Syrian immorality tales: Two men in the conflict who didn’t deserve their fate

The cruelty of Omar’s treatment is exactly the reason why the whole crisis began in Syria

Robert Fisk
Wednesday 25 September 2013 10:41
A Syrian couple mourn in front of dead bodies
A Syrian couple mourn in front of dead bodies

This is a tale of two tragedies. One of them is of Omar, now a gardener in a public park in a Syrian village called Boeyda. The other story belongs to Captain Antun Maluhi of the Syrian army. Their terrible ordeals say much about Syria and its war and about both sides in the conflict, a morality tale if you like – perhaps immorality is the right word – for neither deserved his fate.

Let us start with Omar – his real name, although his family name must remain obscure for all the usual reasons – who is, or was, a doorkeeper on a block of apartments in Damascus, an illiterate, poor man with seven children who decided last year to return to his home village south of Damascus to work in the local park. But in January, his wife reported to a friend of mine that her husband had disappeared.

He was used to danger. One of his sons had already been kidnapped and then released. But now he had disappeared into the maw of army security. The family swiftly found out what had happened. Arrested by the military intelligence service, the cops found on his mobile phone two telephone numbers for his two brothers. And both of them were in the Free Syrian Army, the first rebel group to oppose the Assad regime. Why was he calling his brothers?

By now, the family was becoming desperate. Omar’s wife was begging for money to keep her children fed. And she could not even find out where her husband was imprisoned. Jails in Syria now are fearful places; they lack adequate food for prisoners and many inmates are said to have died. Family friends pleaded with the intelligence services for news of Omar. Could they send him food? Could they visit him? Where was he being held?

The enquiries went all the way up to a Brigadier General who said merely that he did not know where Omar had been taken. Nor, it seems, did he care. And now, in September, nine months after he was “disappeared”, we do not know if Omar is alive or dead. Was he supposed to refuse to speak to his own brothers? He is, for God’s sake, illiterate. So what is this genius supposed to have done that he should be put in prison? Why not treat him as a human being?

The story tells much about the cruelty and culture of impunity of the “mukhabarat” which has always stained the Syrian regime. It is shameful and outrageous and, indeed, was exactly the reason why the whole crisis began in Syria at the height of the Arab awakening.
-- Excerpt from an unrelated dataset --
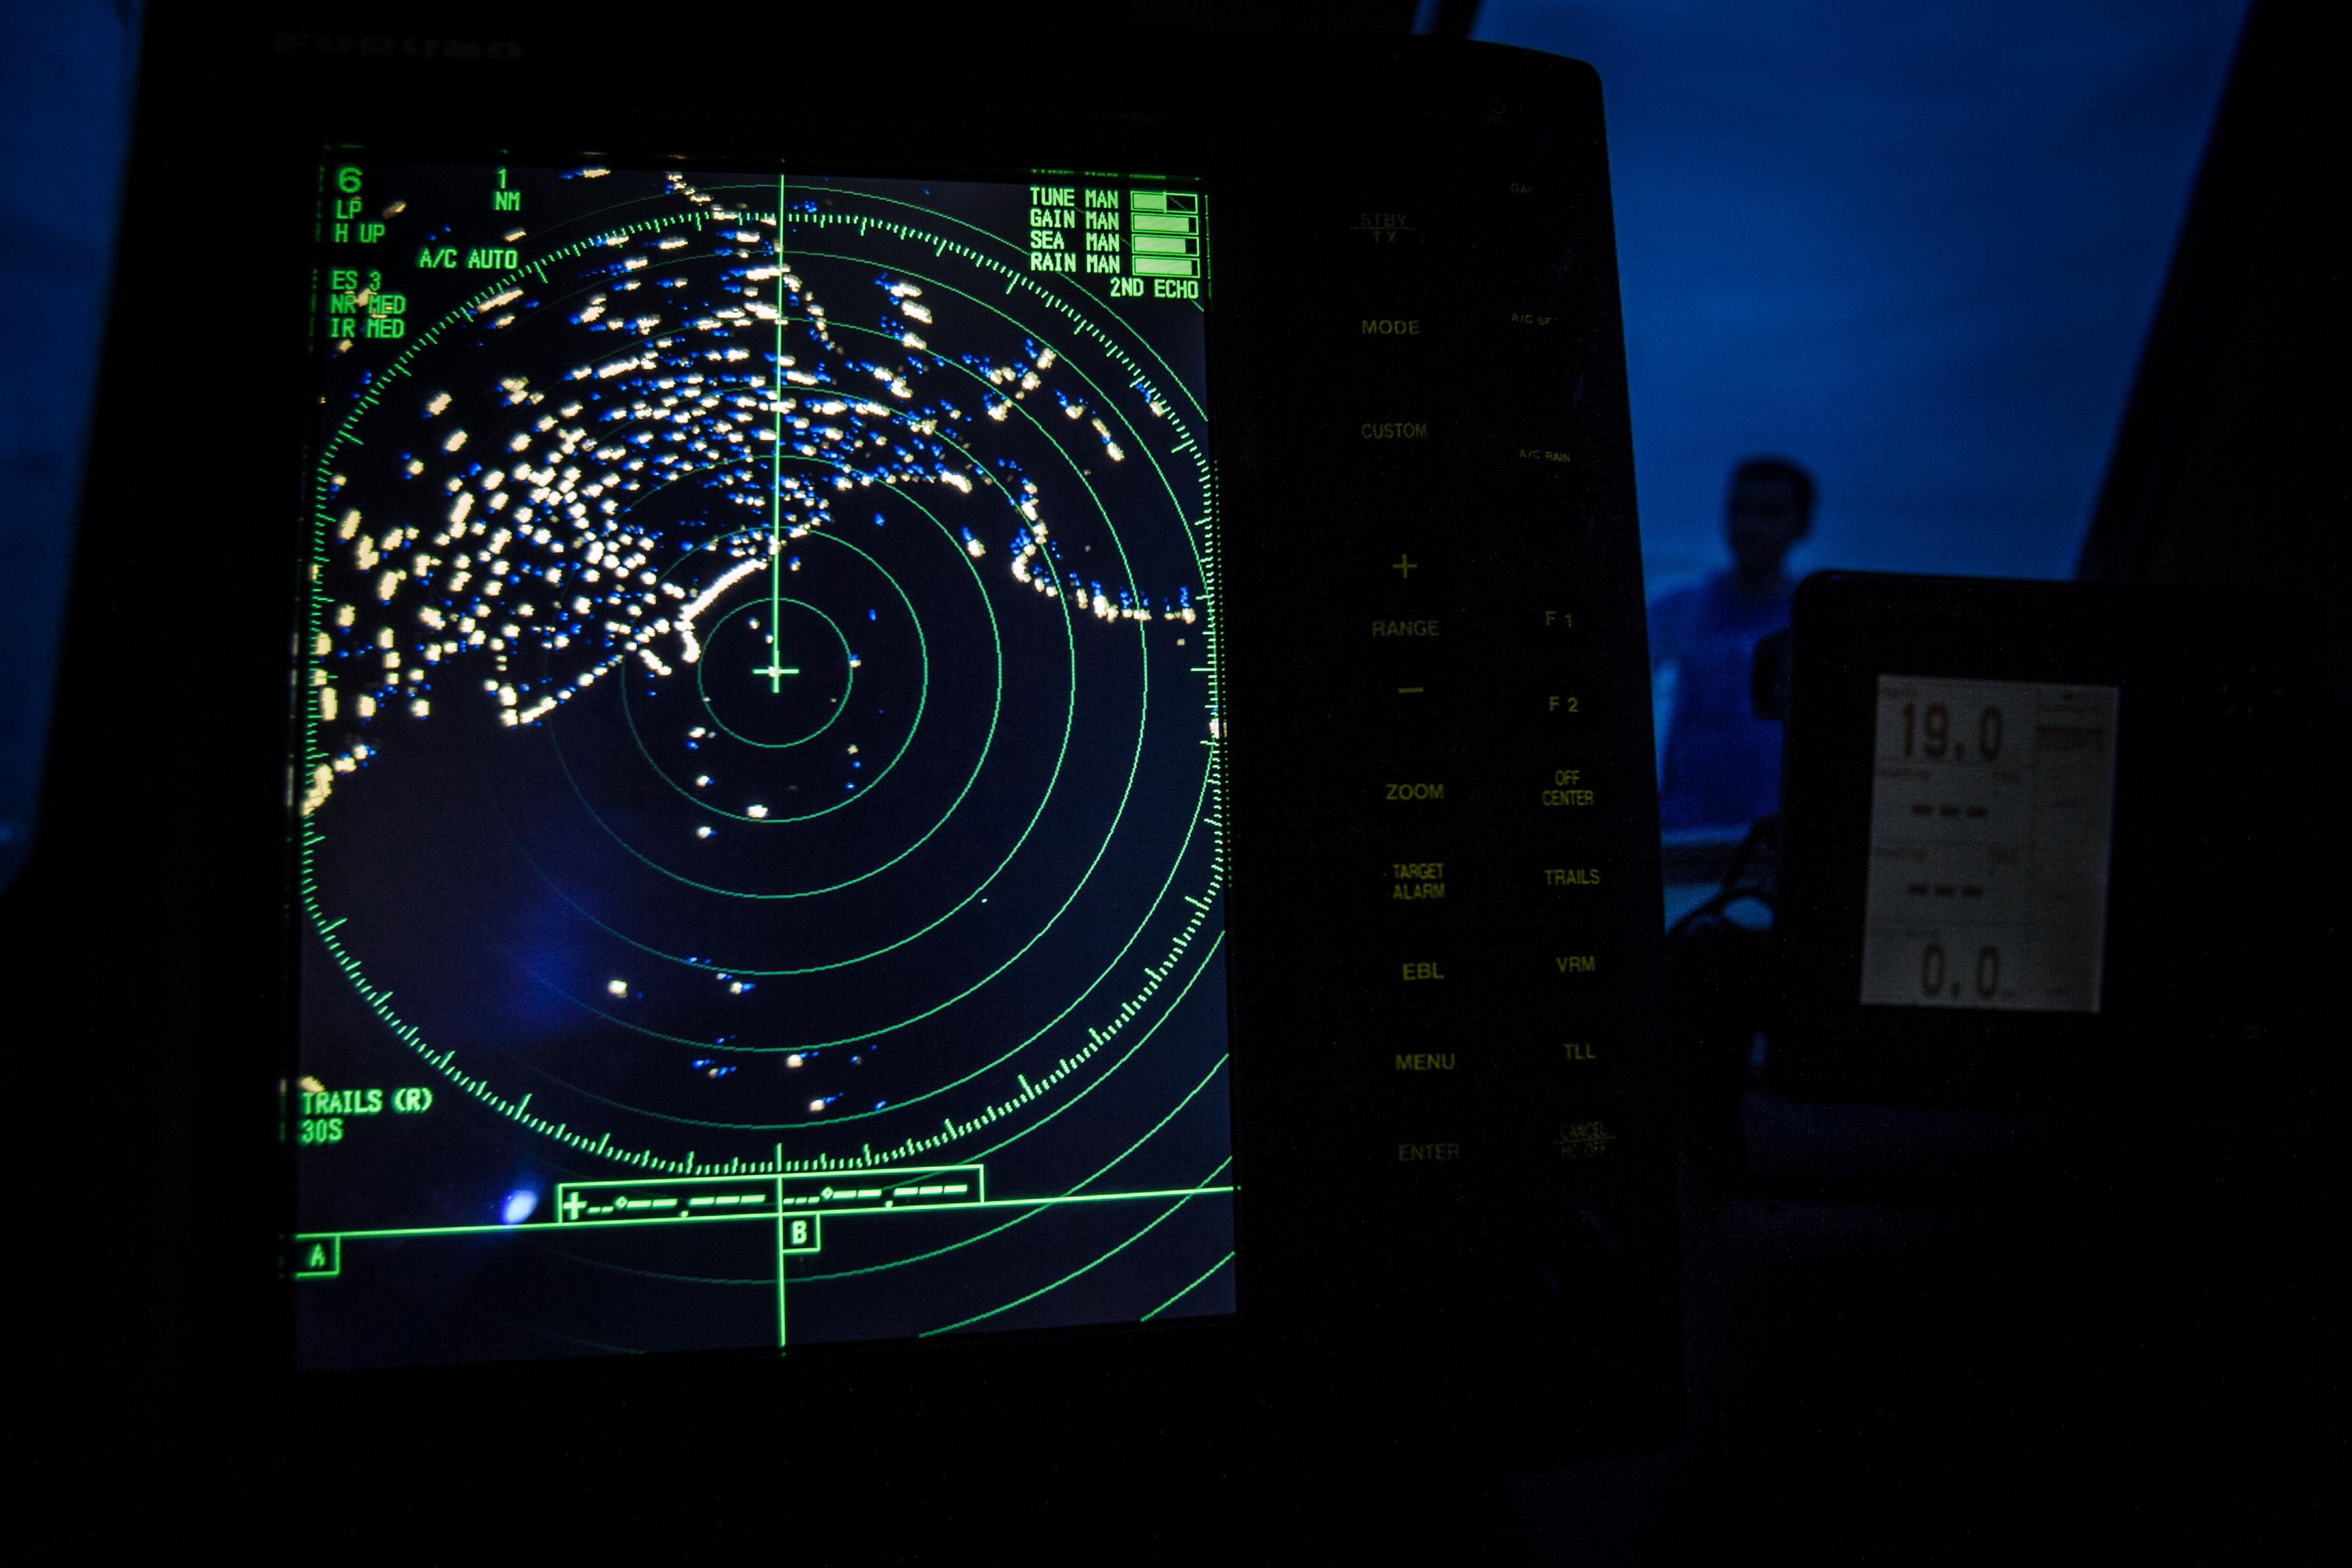 """Flug MH370-Malaysia Airlines: Ist der """"siebte Bogen"""" doch das falsche Suchgebiet?"""

If men like Omar were treated with respect, would Syria have slipped over the edge?

But now to Captain Antun Maluhi, whose cousin by chance happens to be a friend of mine. A regular soldier and a Christian, married with two children, he was based five months ago in Raqqa, where the local Kurds operated with the army. A safe posting. But then the Kurdish militia left Raqqa and the Free Syrian Army stormed the tiny government garrison, killing several soldiers and capturing others, including Captain Maluhi.

Being the venal folk they are, the FSA – Obama’s favourite militia, let us remember, and friends of John McCain – called up the Maluhi family who live in the small Christian town of Mar Maritsa in Homs province, very close to the Krak des Chevaliers crusader castle known in the past to so many foreign tourists. The FSA offered to release Captain Antun Maluhi if the family would cough up five million Syrian pounds – about £18,000 – for his freedom. Alas, they could not. The Maluhis, like Omar’s family, are dirt poor. They couldn’t even borrow that much money.

Weeks passed and the FSA took Captain Maluhi up to the Turkish border from where they allowed him to call his family. He pleaded with them to find the money. We don’t know if they were struggling to find the cash. But in the meantime, the al-Nusra Brigade, the fearful religious force which has allied itself to al-Qa’ida, took over the region from the FSA. And we heard no more of Captain Maluhi.

Until this past weekend. For on Friday, the Lebanese New TV channel broadcast a communiqué from al-Nusra that they intended to execute their prisoner because he was “a Christian, a kaffir, an infidel”.

And then on Sunday, the television website carried a new story. Captain Antun Maluhi had been executed. Murdered. Because he was a Christian.